Commitment to safety and privacy
Our models are subjected to rigorous testing and have been trained to reduce misuse. Despite Claude 3.5 Sonnet’s leap in intelligence, our red teaming assessments have concluded that Claude 3.5 Sonnet remains at ASL-2. More details can be found in the model card addendum.
As part of our commitment to safety and transparency, we’ve engaged with external experts to test and refine the safety mechanisms within this latest model. We recently provided Claude 3.5 Sonnet to the UK’s Artificial Intelligence Safety Institute (UK AISI) for pre-deployment safety evaluation. The UK AISI completed tests of 3.5 Sonnet and shared their results with the US AI Safety Institute (US AISI) as part of a Memorandum of Understanding, made possible by the partnership between the US and UK AISIs announced earlier this year.
We have integrated policy feedback from outside subject matter experts to ensure that our evaluations are robust and take into account new trends in abuse.

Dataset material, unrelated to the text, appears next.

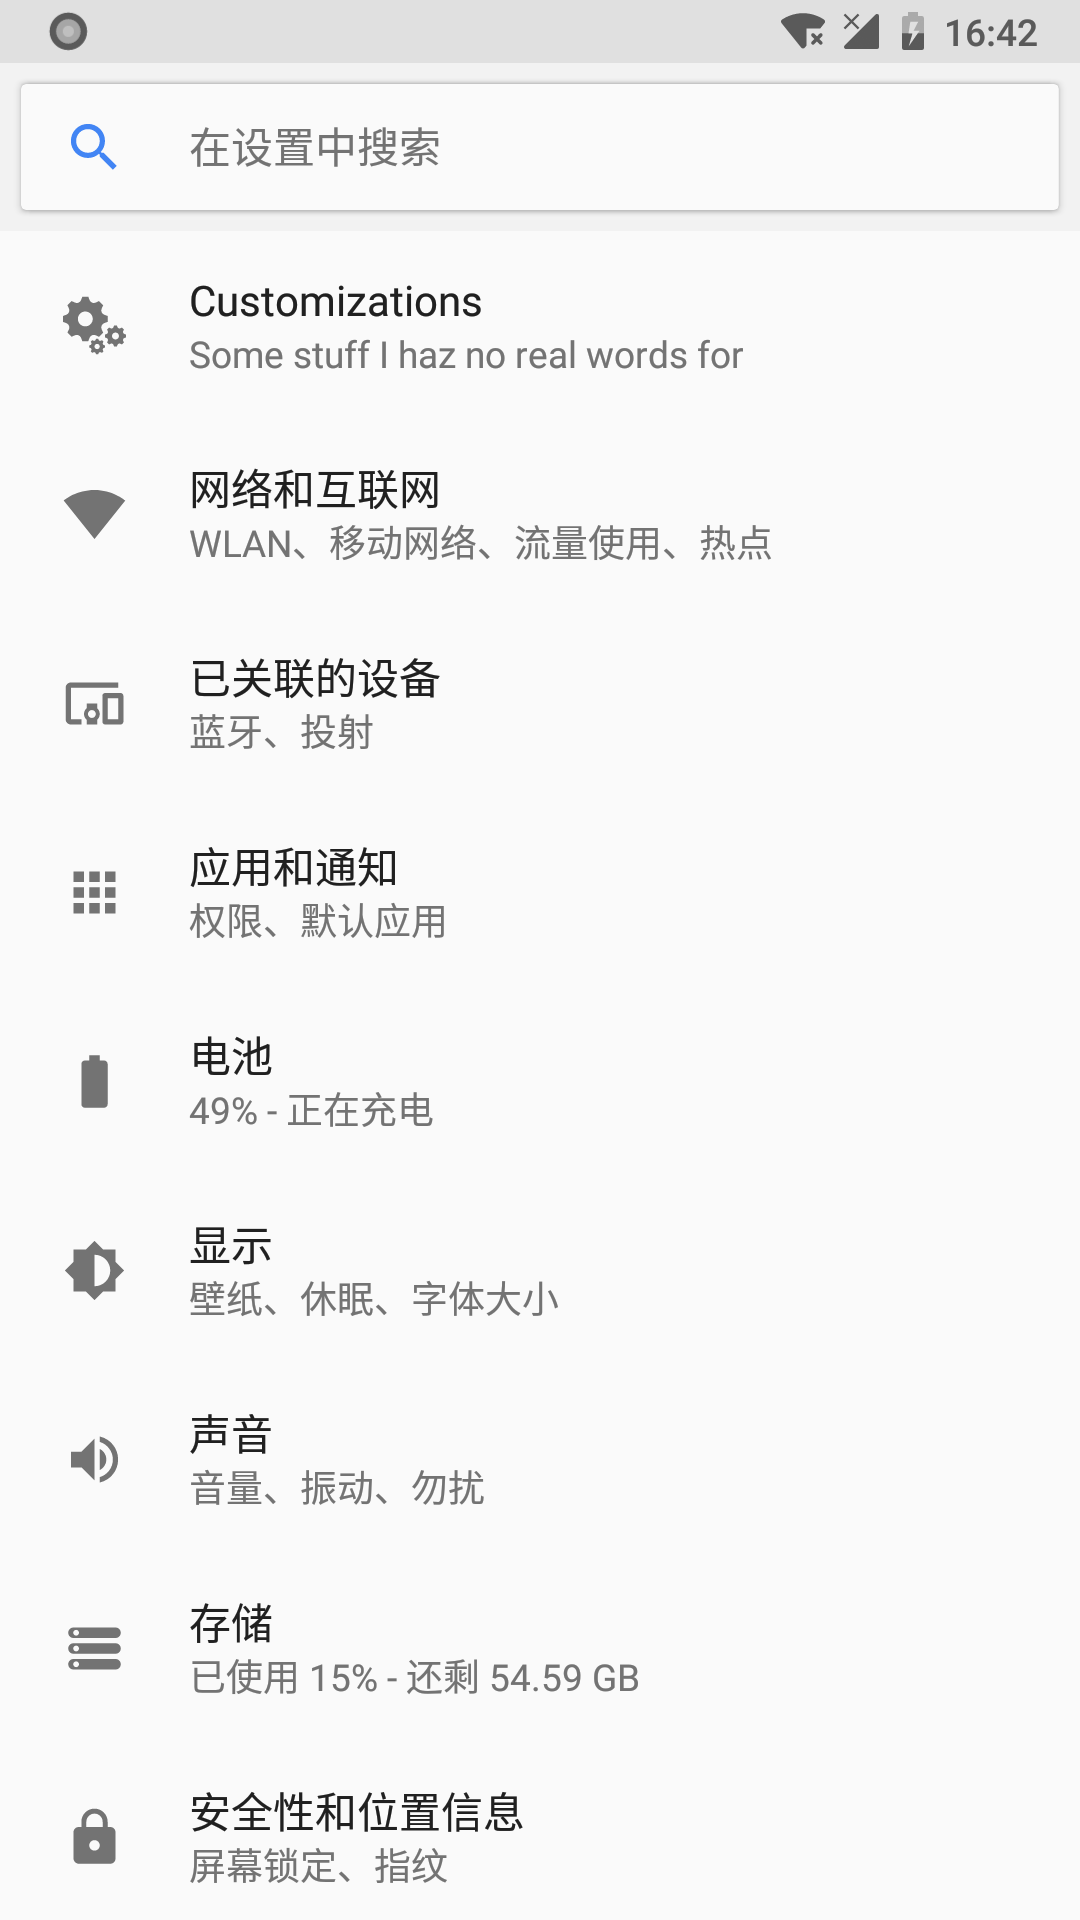 Screenshot_20171206-164213.png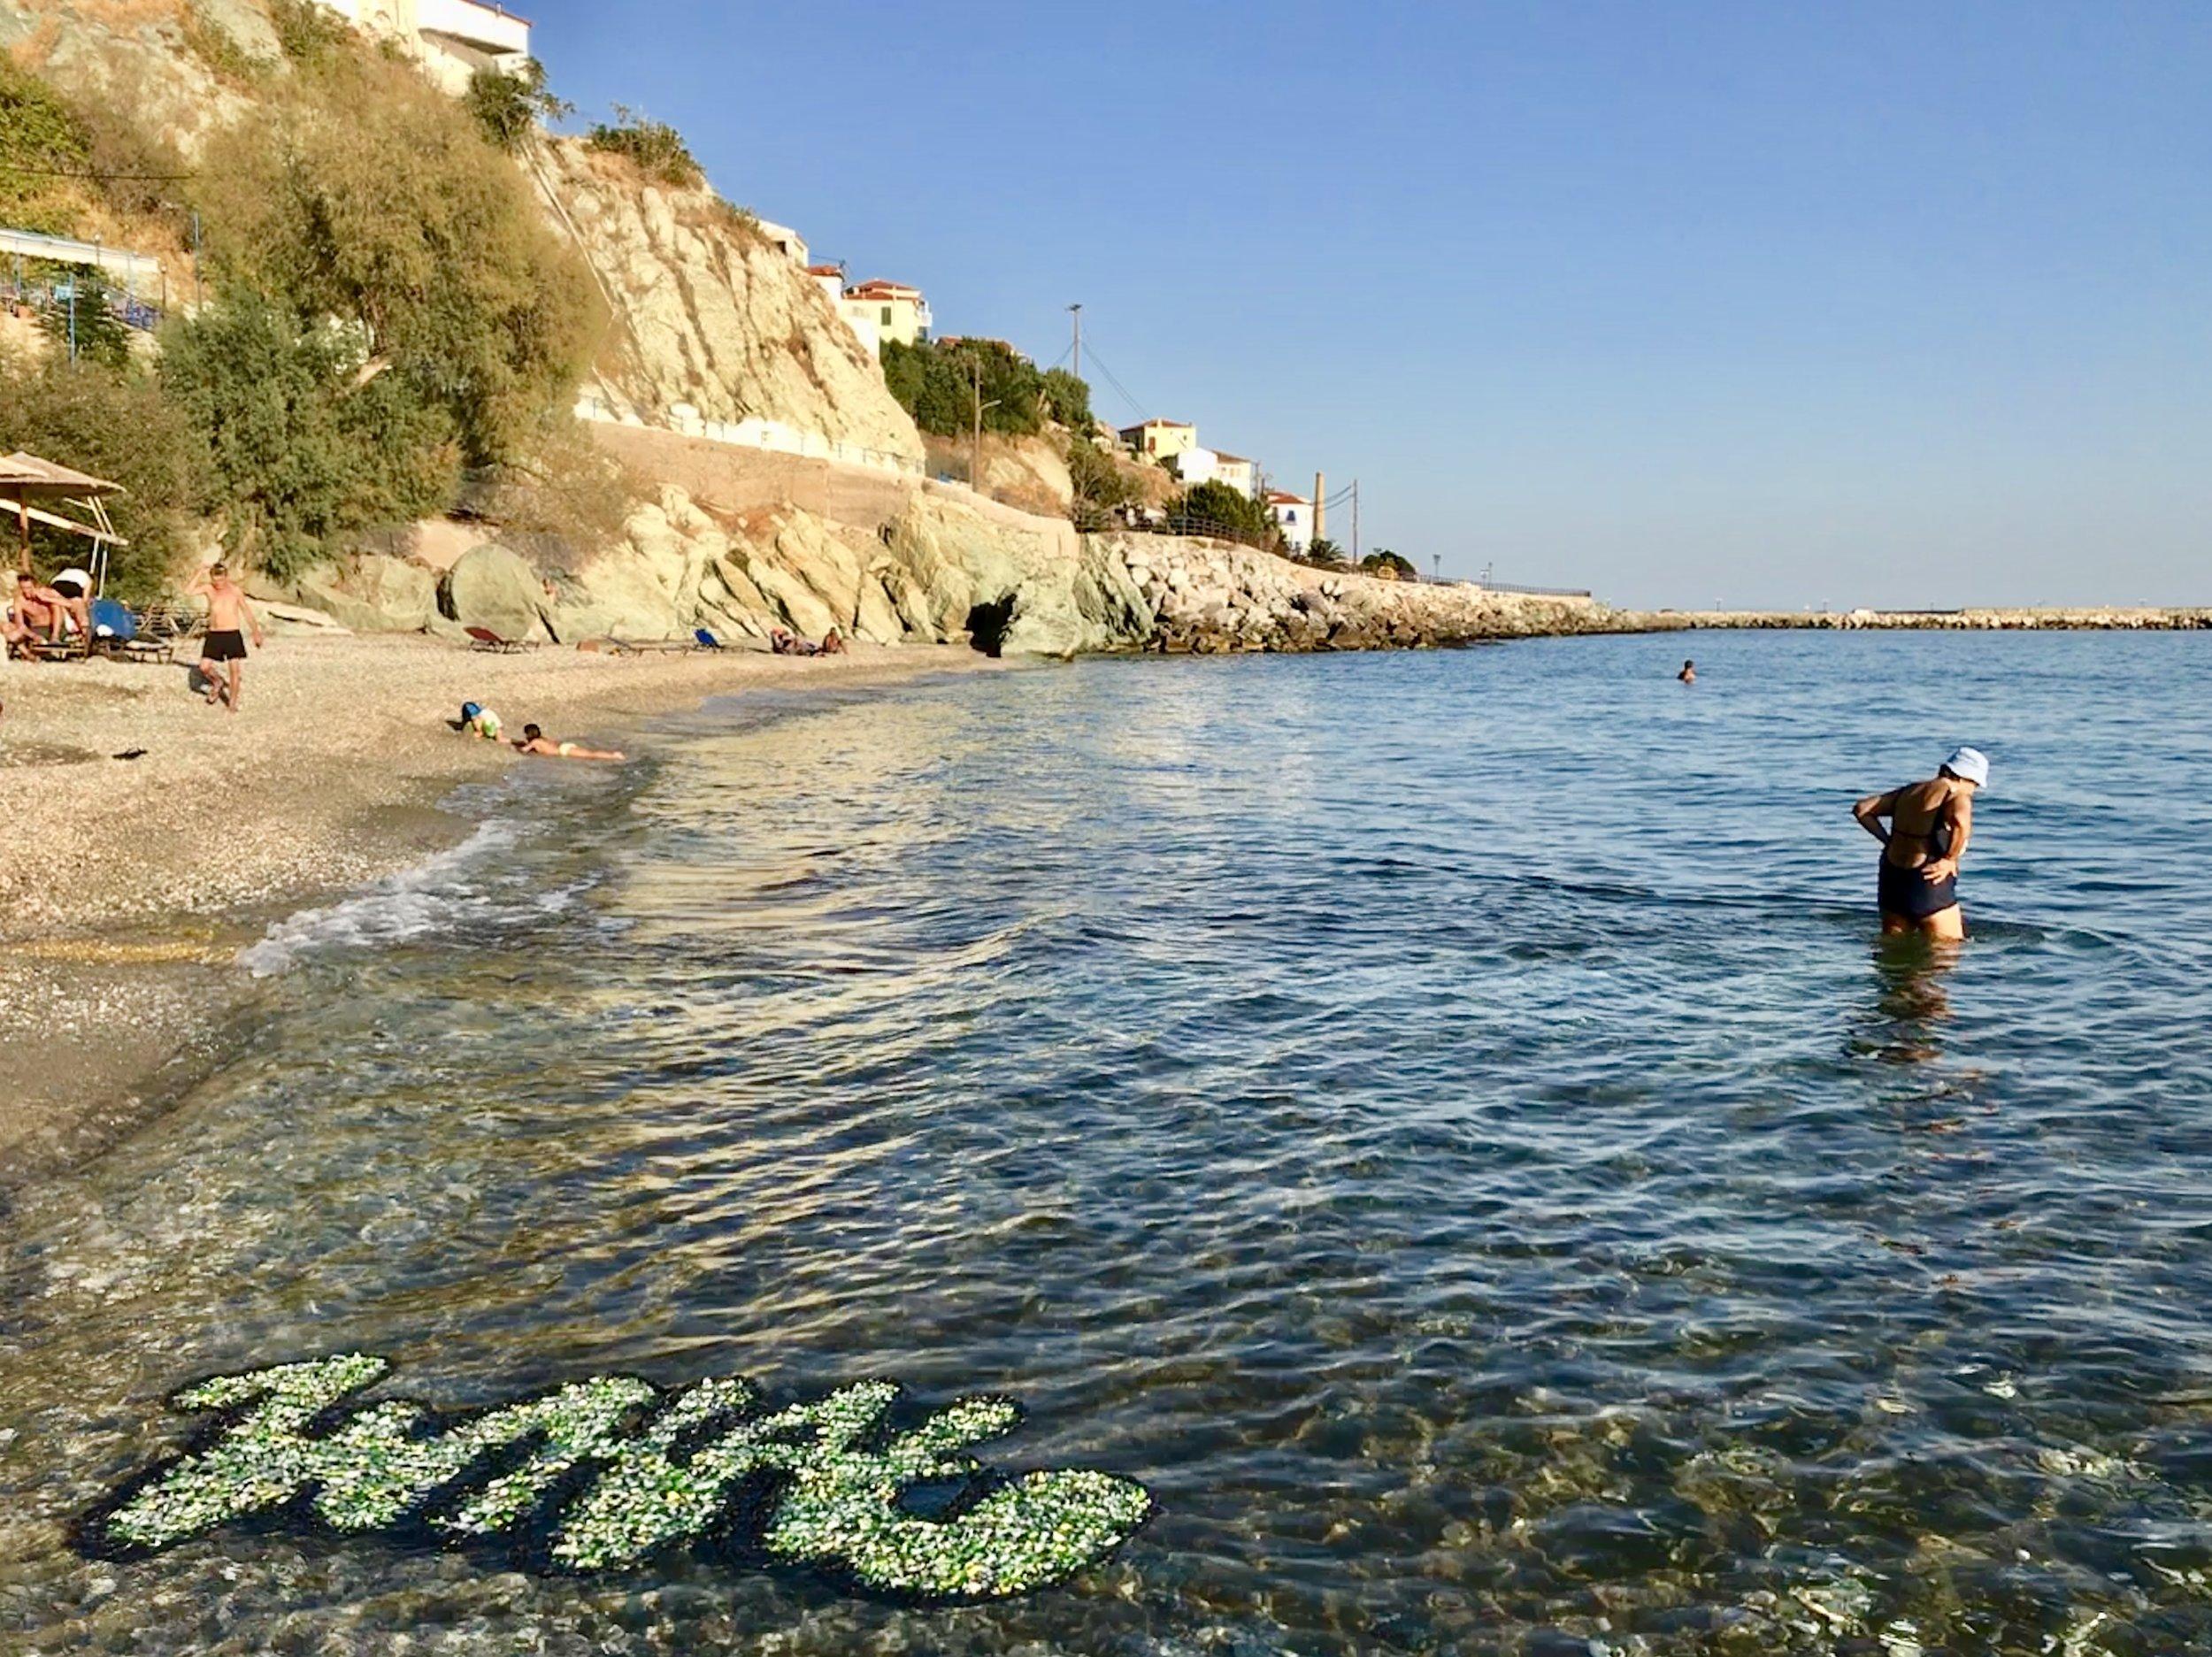 YARNOMANIAC in Lesbos #WHATaboutplastic

This engagement has helped our teams scale up our ability to evaluate 3.5 Sonnet against various types of misuse. For example, we used feedback from child safety experts at Thorn to update our classifiers and fine-tune our models.
One of the core constitutional principles that guides our AI model development is privacy. We do not train our generative models on user-submitted data unless a user gives us explicit permission to do so. To date we have not used any customer or user-submitted data to train our generative models.
Coming soon
Our aim is to substantially improve the tradeoff curve between intelligence, speed, and cost every few months. To complete the Claude 3.5 model family, we’ll be releasing Claude 3.5 Haiku and Claude 3.5 Opus later this year.
In addition to working on our next-generation model family, we are developing new modalities and features to support more use cases for businesses, including integrations with enterprise applications. Our team is also exploring features like Memory, which will enable Claude to remember a user’s preferences and interaction history as specified, making their experience even more personalized and efficient.
We’re constantly working to improve Claude and love hearing from our users. You can submit feedback on Claude 3.5 Sonnet directly in-product to inform our development roadmap and help our teams to improve your experience. As always, we look forward to seeing what you build, create, and discover with Claude.